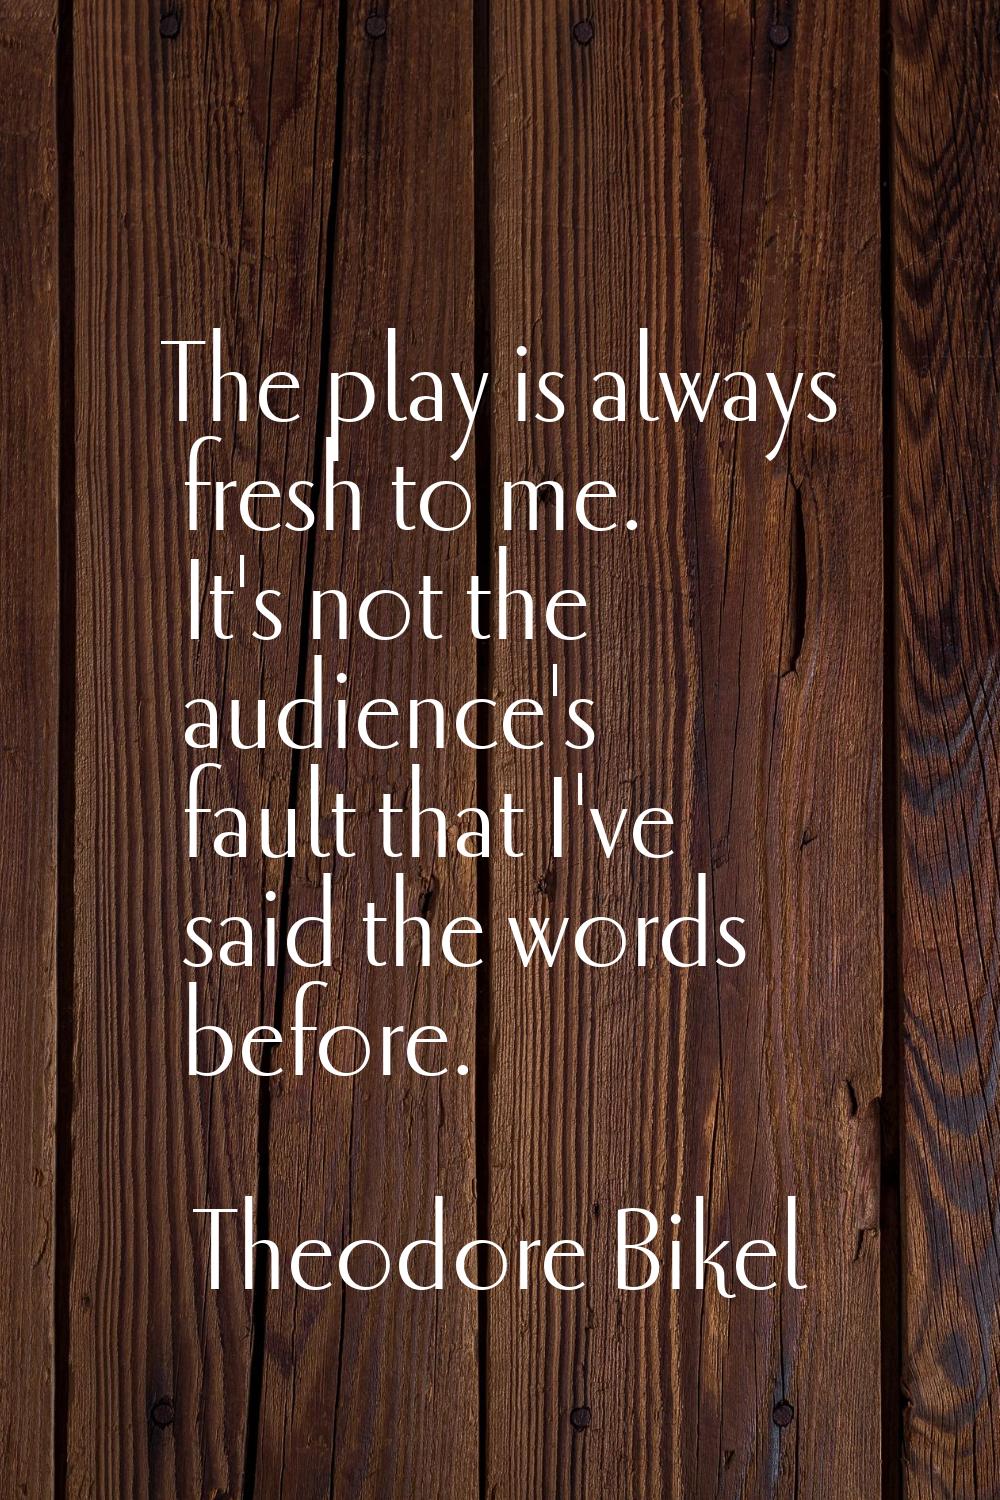 The play is always fresh to me. It's not the audience's fault that I've said the words before.
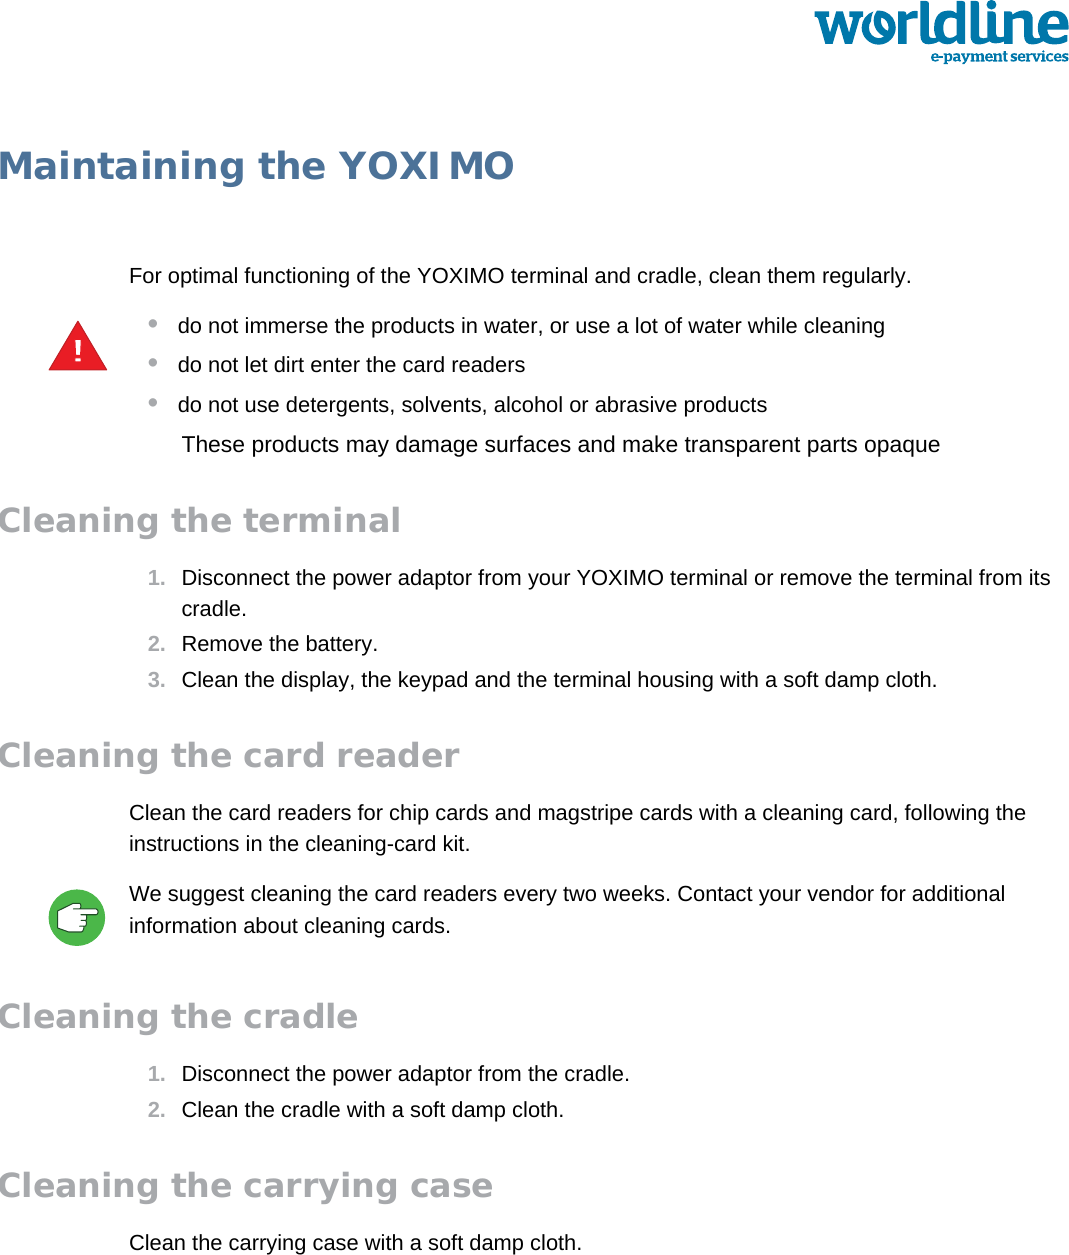 public 35om_yxm_maintenance.fm document release 1.1 last updated 30/9/15Maintaining the YOXIMOFor optimal functioning of the YOXIMO terminal and cradle, clean them regularly.•do not immerse the products in water, or use a lot of water while cleaning•do not let dirt enter the card readers•do not use detergents, solvents, alcohol or abrasive productsThese products may damage surfaces and make transparent parts opaqueCleaning the terminal1. Disconnect the power adaptor from your YOXIMO terminal or remove the terminal from its cradle.2. Remove the battery.3. Clean the display, the keypad and the terminal housing with a soft damp cloth.Cleaning the card readerClean the card readers for chip cards and magstripe cards with a cleaning card, following the instructions in the cleaning-card kit. We suggest cleaning the card readers every two weeks. Contact your vendor for additional information about cleaning cards.Cleaning the cradle1. Disconnect the power adaptor from the cradle.2. Clean the cradle with a soft damp cloth.Cleaning the carrying caseClean the carrying case with a soft damp cloth.!
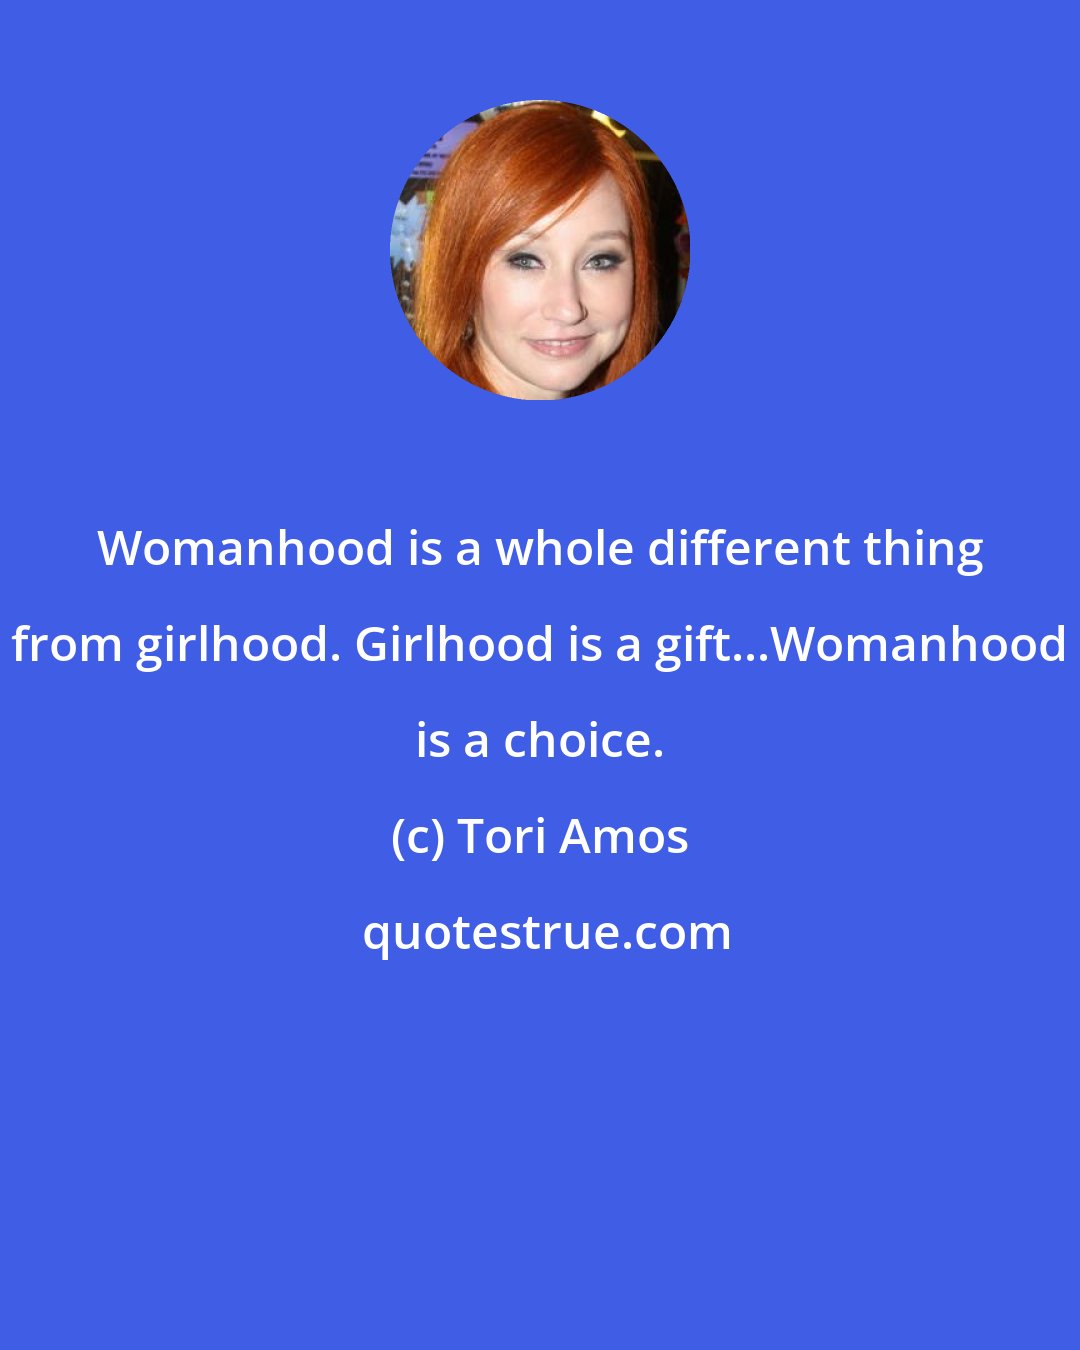 Tori Amos: Womanhood is a whole different thing from girlhood. Girlhood is a gift...Womanhood is a choice.

== == ==

__THE PROBLEM__: Wherever the listing shows a picture, omit it and output the rest exactly as given.

__ANSWER SECTION__:
 The play is always fresh to me. It's not the audience's fault that I've said the words before.
 public 35om_yxm_maintenance.fm document release 1.1 last updated 30/9/15Maintaining the YOXIMOFor optimal functioning of the YOXIMO terminal and cradle, clean them regularly.•do not immerse the products in water, or use a lot of water while cleaning•do not let dirt enter the card readers•do not use detergents, solvents, alcohol or abrasive productsThese products may damage surfaces and make transparent parts opaqueCleaning the terminal1. Disconnect the power adaptor from your YOXIMO terminal or remove the terminal from its cradle.2. Remove the battery.3. Clean the display, the keypad and the terminal housing with a soft damp cloth.Cleaning the card readerClean the card readers for chip cards and magstripe cards with a cleaning card, following the instructions in the cleaning-card kit. We suggest cleaning the card readers every two weeks. Contact your vendor for additional information about cleaning cards.Cleaning the cradle1. Disconnect the power adaptor from the cradle.2. Clean the cradle with a soft damp cloth.Cleaning the carrying caseClean the carrying case with a soft damp cloth.!
 Tori Amos: Womanhood is a whole different thing from girlhood. Girlhood is a gift...Womanhood is a choice.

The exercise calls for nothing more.